Hi! A little about myself, I have been on Implanon for two years now and I just got it out four days ago. I have heard great things about it, but also many horror storys, so I am really hoping I get to be one of the lucky ones! 

This will be our first time ttc so I don't really know what to expect, so I would love some support from our mommy veterans, as well as the companionship of those in the same boat! 

Along with being a first timer, I will also be a high risk PG because I have a blood disorder that causes my blood to more likely form clots when I have more estrogen in my system. This is called Lyden factor 5 with a protien S defficiancy. If there is anyone else on here with this, I would love to go through this with you! 

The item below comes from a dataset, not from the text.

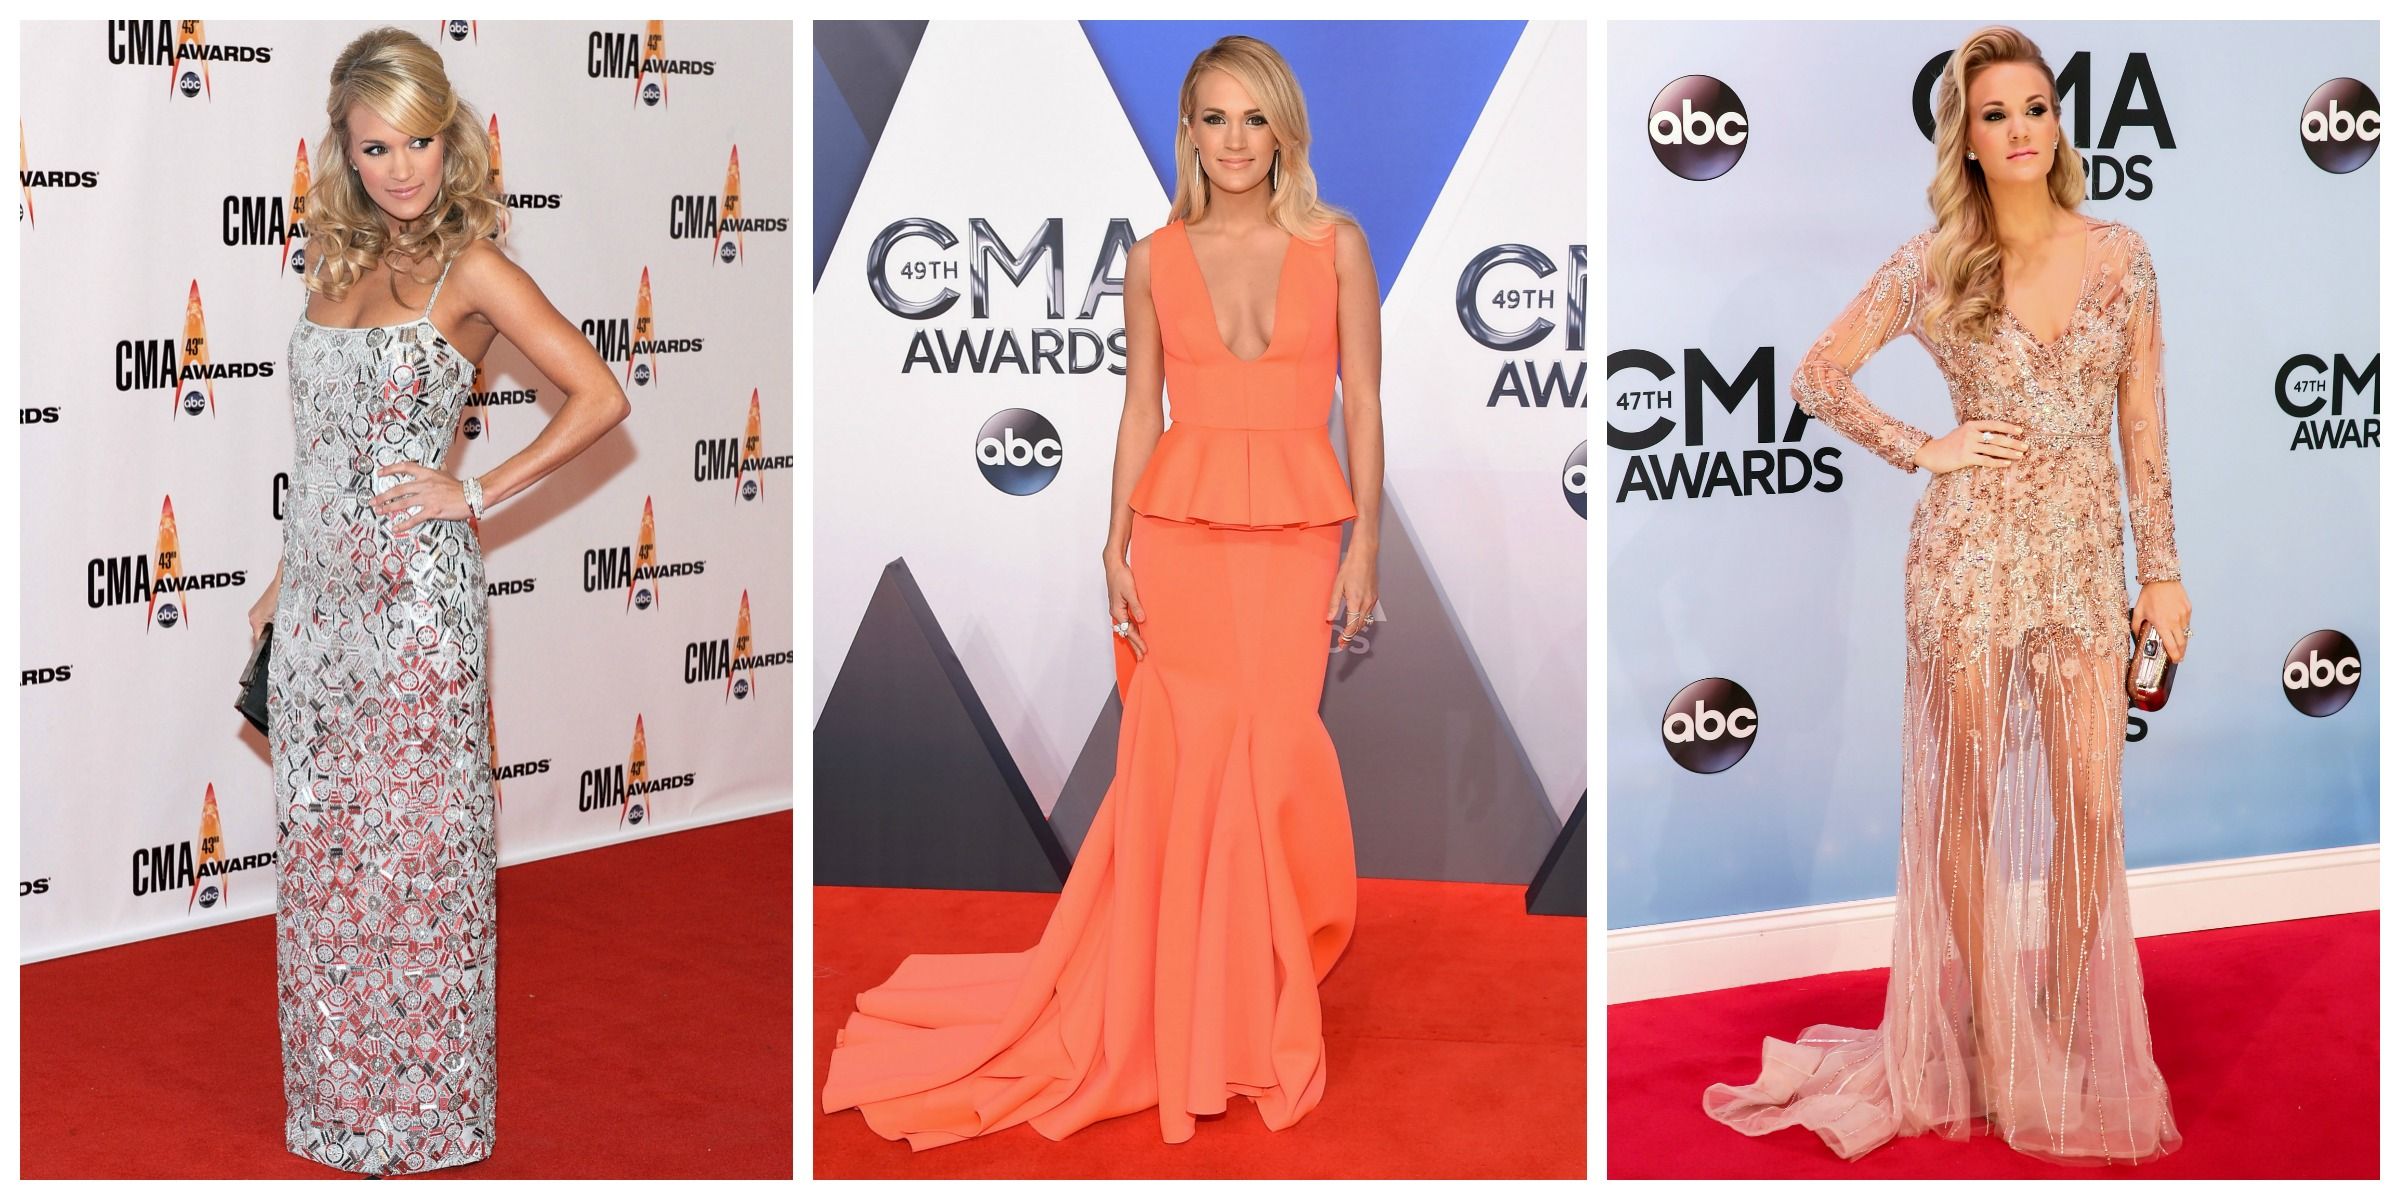 Carrie Underwood Wore a See-Through Outfit Ahead of CMA Awards and

The best of luck and baby dust to you all! :flower:


----------



## Bevziibubble

Hello and welcome! Good luck :D x


----------



## Cardamama

Hello and welcome! I'm new too (just joined yesterday). I have PCOS so that makes me a higher risk as well. Wishing you lots of luck and baby dust! :dust:
xx


----------



## robinator

Hi! :hi:


----------



## angel2010

Welcome!


----------



## luv4u2

:hi:


----------



## Chris77

:hi: Welcome to BnB!


----------



## mrs micci

Hello and welcome everyone! Thanks for all of your warm welcomes! 
Hello to Cardamama. Good luck to you in this adventure, I look forward to going through this together!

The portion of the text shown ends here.